Basalt 3A: Voters say yes to property tax extension for downtown projects, affordable housing

Basalt voters were asked in Tuesday’s election to extend a property tax for improvements to downtown as well as fund affordable housing and “green” projects. (Kelsey Brunner/The Aspen Times)

A ballot question in Basalt to issue new bonds and maintain property tax levels for a variety of projects cruised to victory Tuesday night in Eagle and Pitkin counties.

Question 3A had the support of 848 voters while 325 were opposed, according to updated results Wednesday morning. That’s a margin of 72% to 28%.

Basalt Mayor Bill Kane called it a good outcome for the community.

“We just have some positive momentum going on in the community,” he said. “I think people are feeling it.”

Kane credited the town government staff for doing a “great job of laying the foundation for this vote.” They provided information through open house meetings, mailers and other avenues to educate voters on the issue.

Basalt town manager Ryan Mahoney added, “I think it speaks to the community’s trust in the council and the process.”

A key was avoiding an increase in taxes. Basalt has two bonds that will be paid off in 2023. Since the bonds are getting paid off, property taxes amounting to about $950,000 annually would have expired. However, the town asked voters to keep those property taxes in place to pay off new bonds that would be issued for new projects, but there will be no tax increase.

The town sought permission to issue $18 million in new bonds and extend the existing property tax to pay them off at a maximum amount of $23 million, including interest. The taxes raise about $950,000 annually.

Basalt officials centered their campaign on the fact that no “new” taxes would result from a “yes” vote on 3A. While it is true, it’s also nuanced. Taxes would have been lower in another couple of years with a “no” vote.

Kane said the fact that no new taxes will be required probably swung the vote.

“I think it speaks volumes to people’s confidence in the town,” he said.

The town will pursue projects in three categories with the $18 million in bonding: streetscape, sidewalk and related infrastructure improvements on Midland Avenue; affordable housing projects; and environmentally friendly projects such as electric-vehicle charging stations and solar development.

The work on Midland Avenue, Basalt’s main street, is estimated to cost $11.5 million.
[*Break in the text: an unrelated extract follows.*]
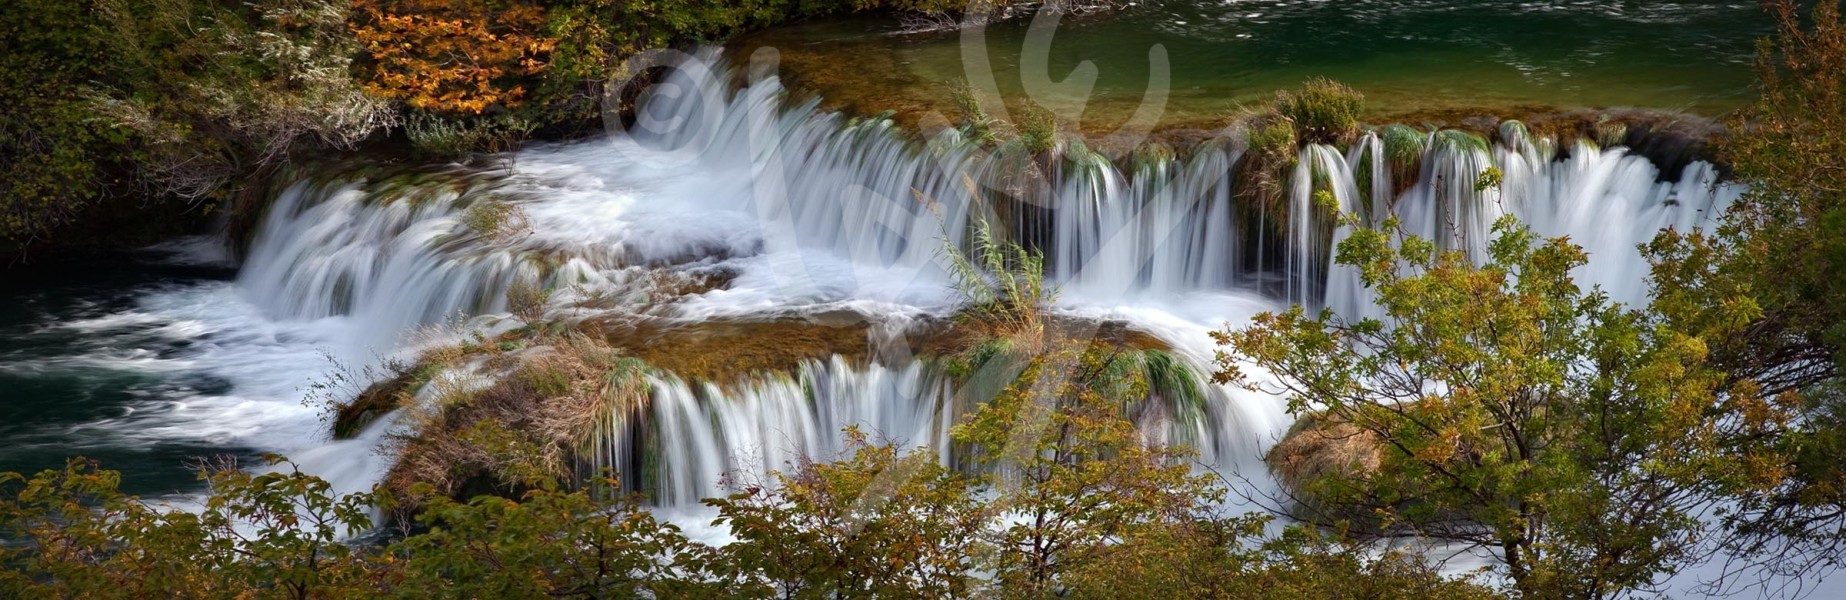 CROATIA Krka National Park Waterfall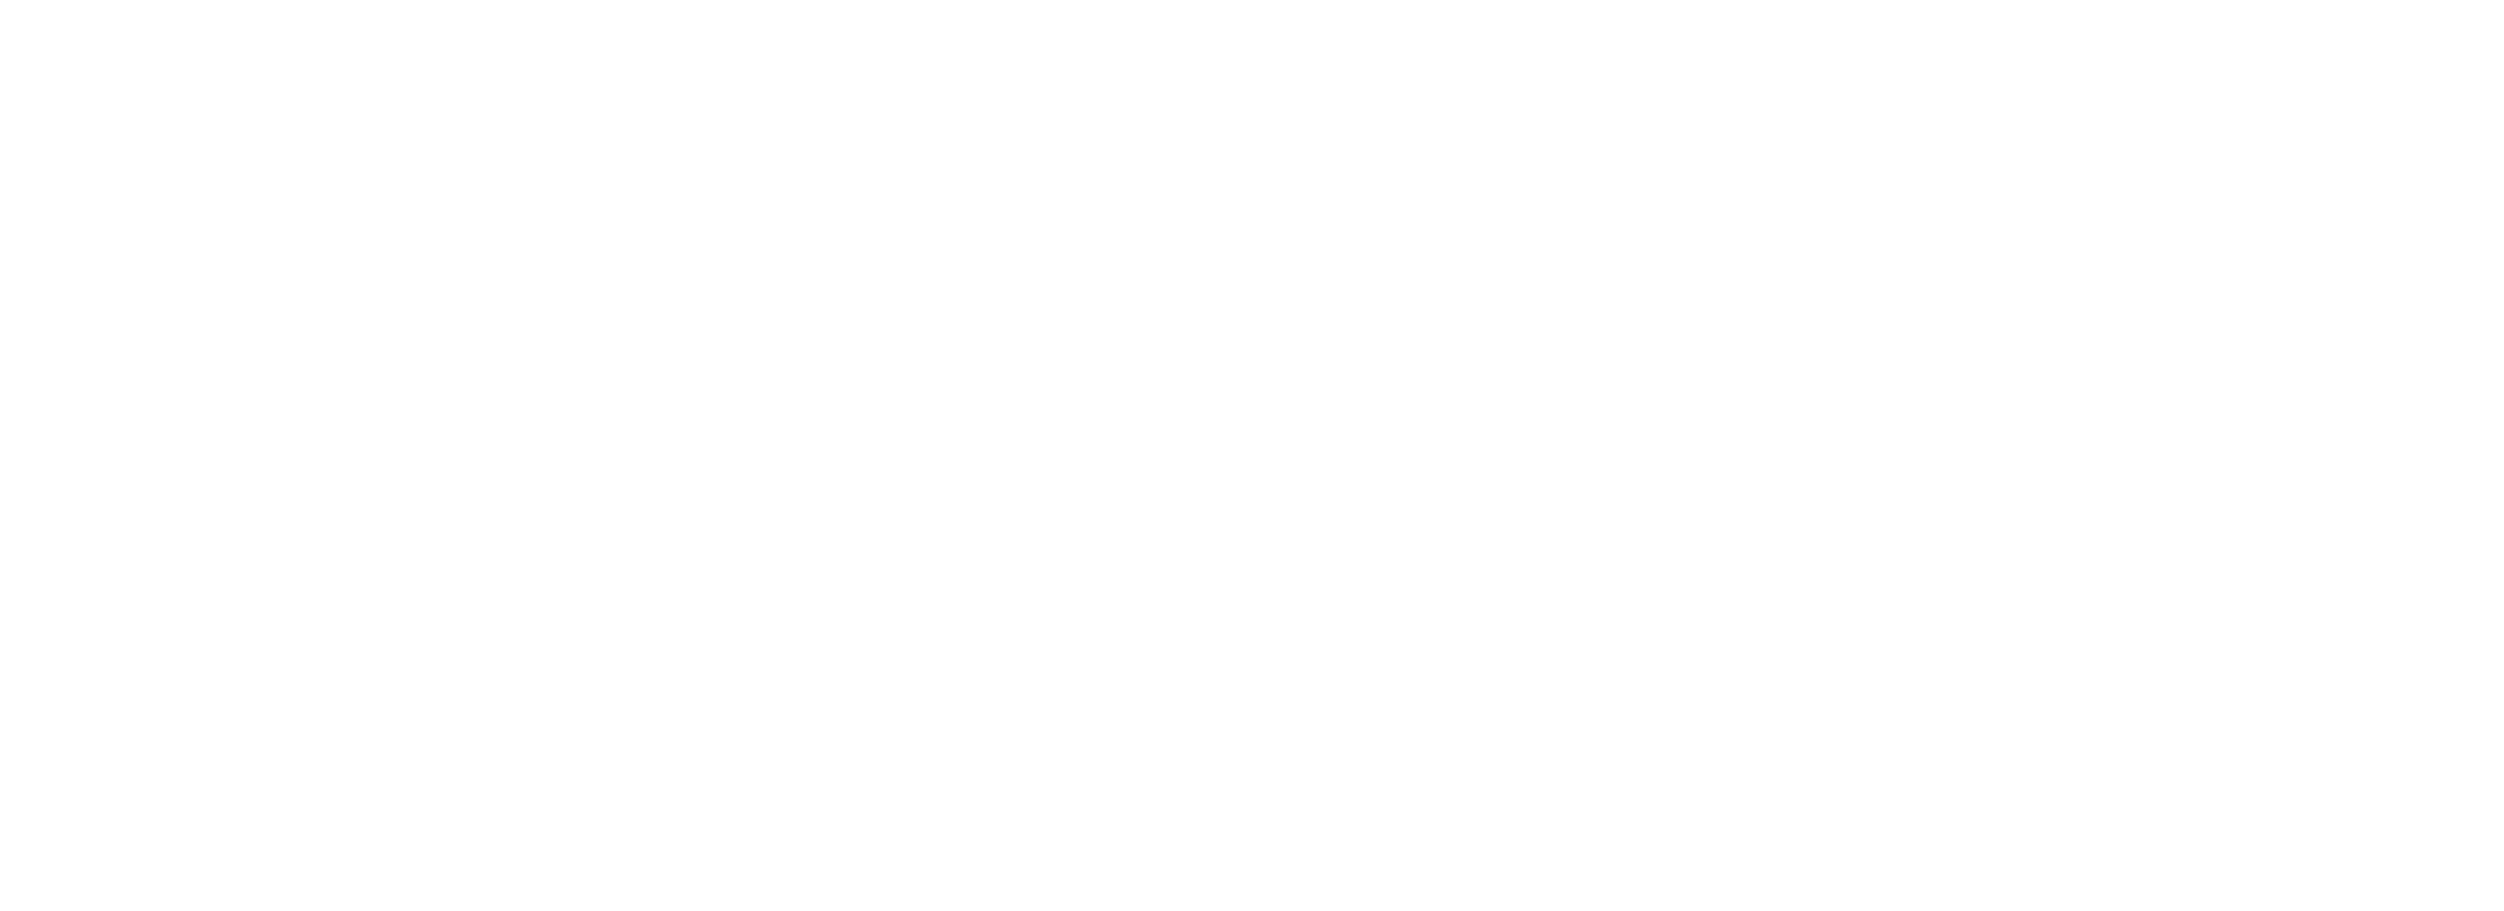 mantas_service_b2b-02

The town would pursue grants along with funding from the bonds.

About $6 million from the bonds is being targeted for affordable housing projects. The town would partner with other governments and nonprofits to leverage the funds.

Another $2 million will be earmarked for “green initiatives.”

Kane said work on Midland Avenue could begin almost immediately. The first step will be assessing the condition of underground utilities that are roughly 85 years old.

For affordable housing relief, the town will look to acquire land, then work with government and nonprofit partners to build housing.

“We’re going to raise 6 million bucks but we want that $6 million to be leveraged,” he said.

Mahoney said work would begin almost immediately. The town government will start the process on bond sales on Nov. 9. In addition, the assessment on the Midland Avenue infrastructure will begin.

The town will also hire a real estate agent to seek land to purchase for affordable housing. In addition, the town has already started the process to find a “viable spot” for a solar project, Mahoney said.

Kane was settling in for dinner when the first results favorable to the town were released shortly after 7 p.m.

“I think I’ll drink an extra glass of wine tonight,” he said.